### Exercise
Write each line out exactly, from the one containing "shoes & helmet.jpg" through the final line of the data, and keep pictures out of the copy.

### Source data
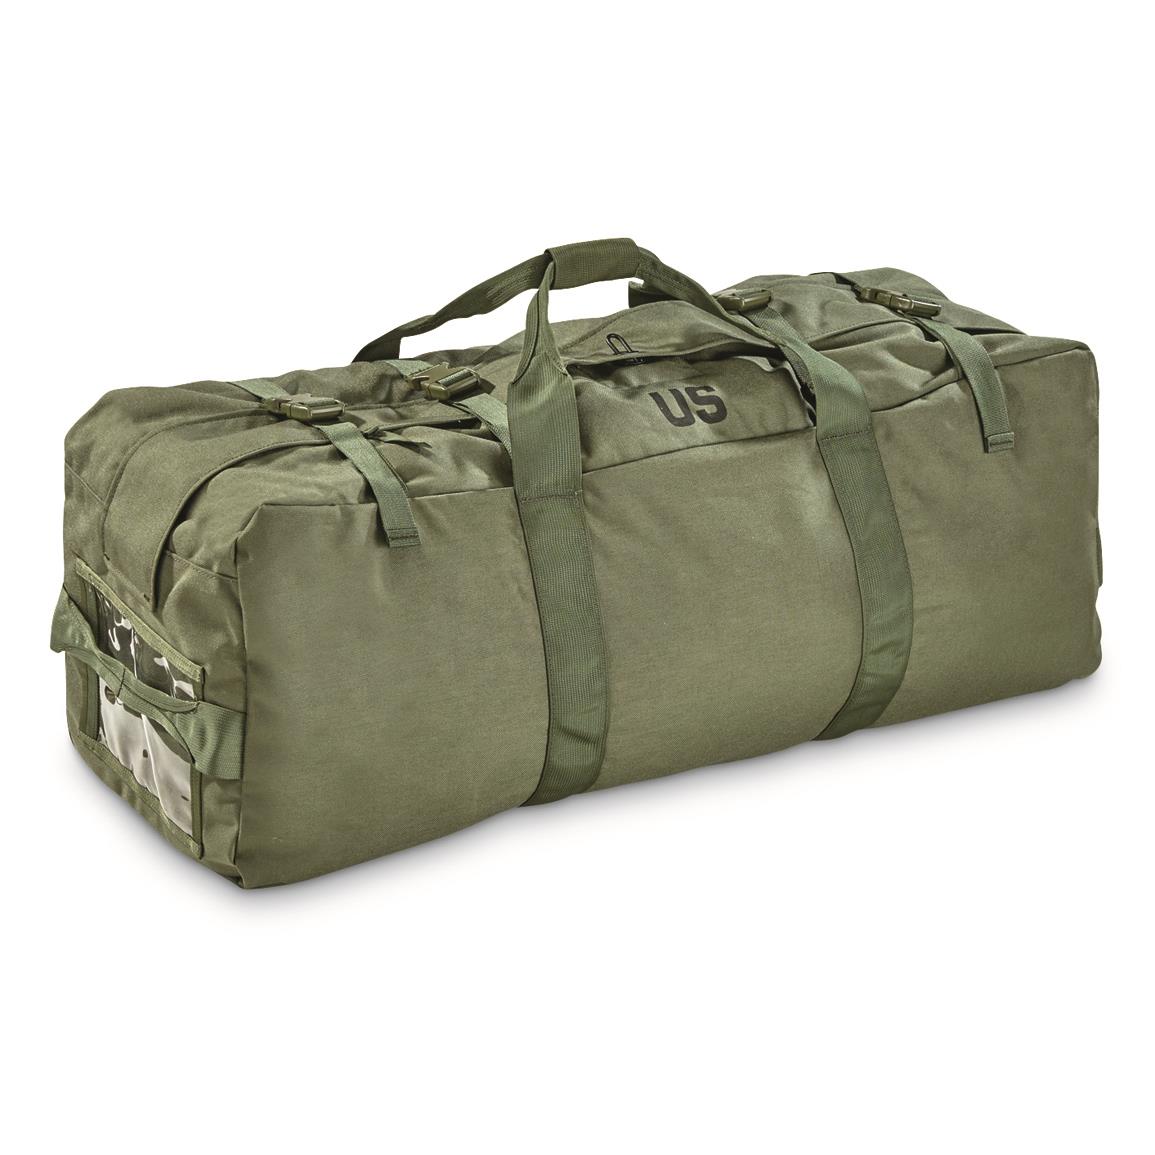 Allen Company Sportsman Camouflage Duffel Bag 14002 
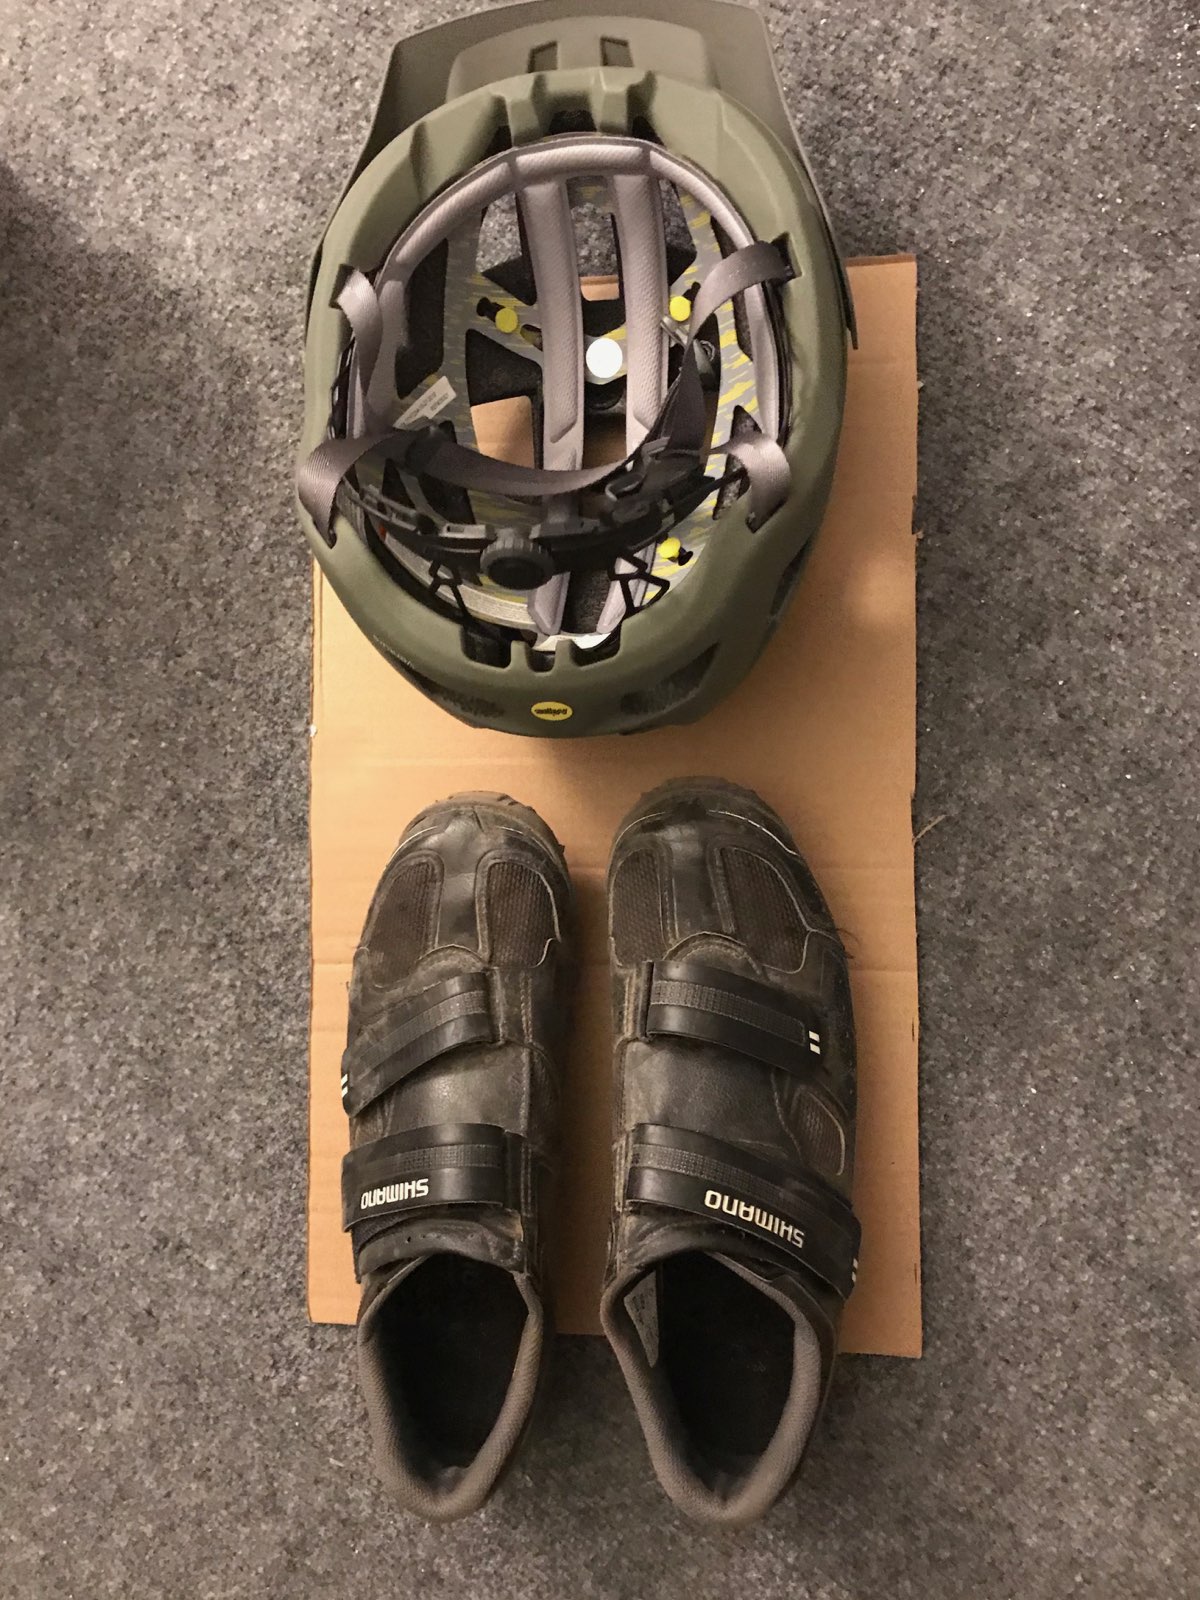 shoes & helmet.jpg
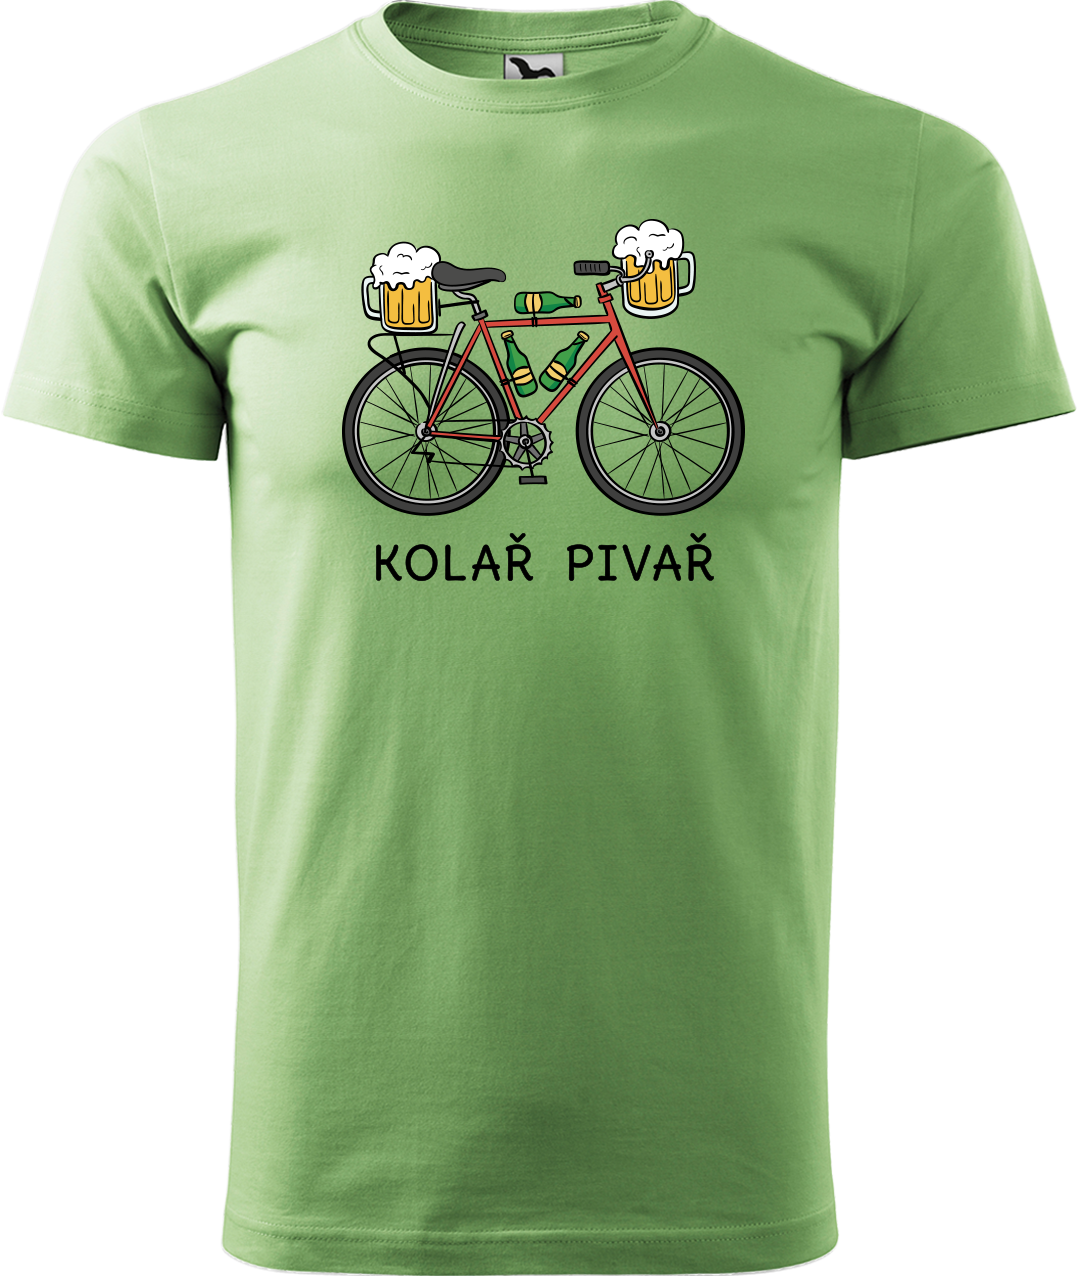 Pánské tričko s kolem - Kolař pivař Velikost: M, Barva: Trávově zelená (39)

### Response to this task
 shoes & helmet.jpg
 Pánské tričko s kolem - Kolař pivař Velikost: M, Barva: Trávově zelená (39)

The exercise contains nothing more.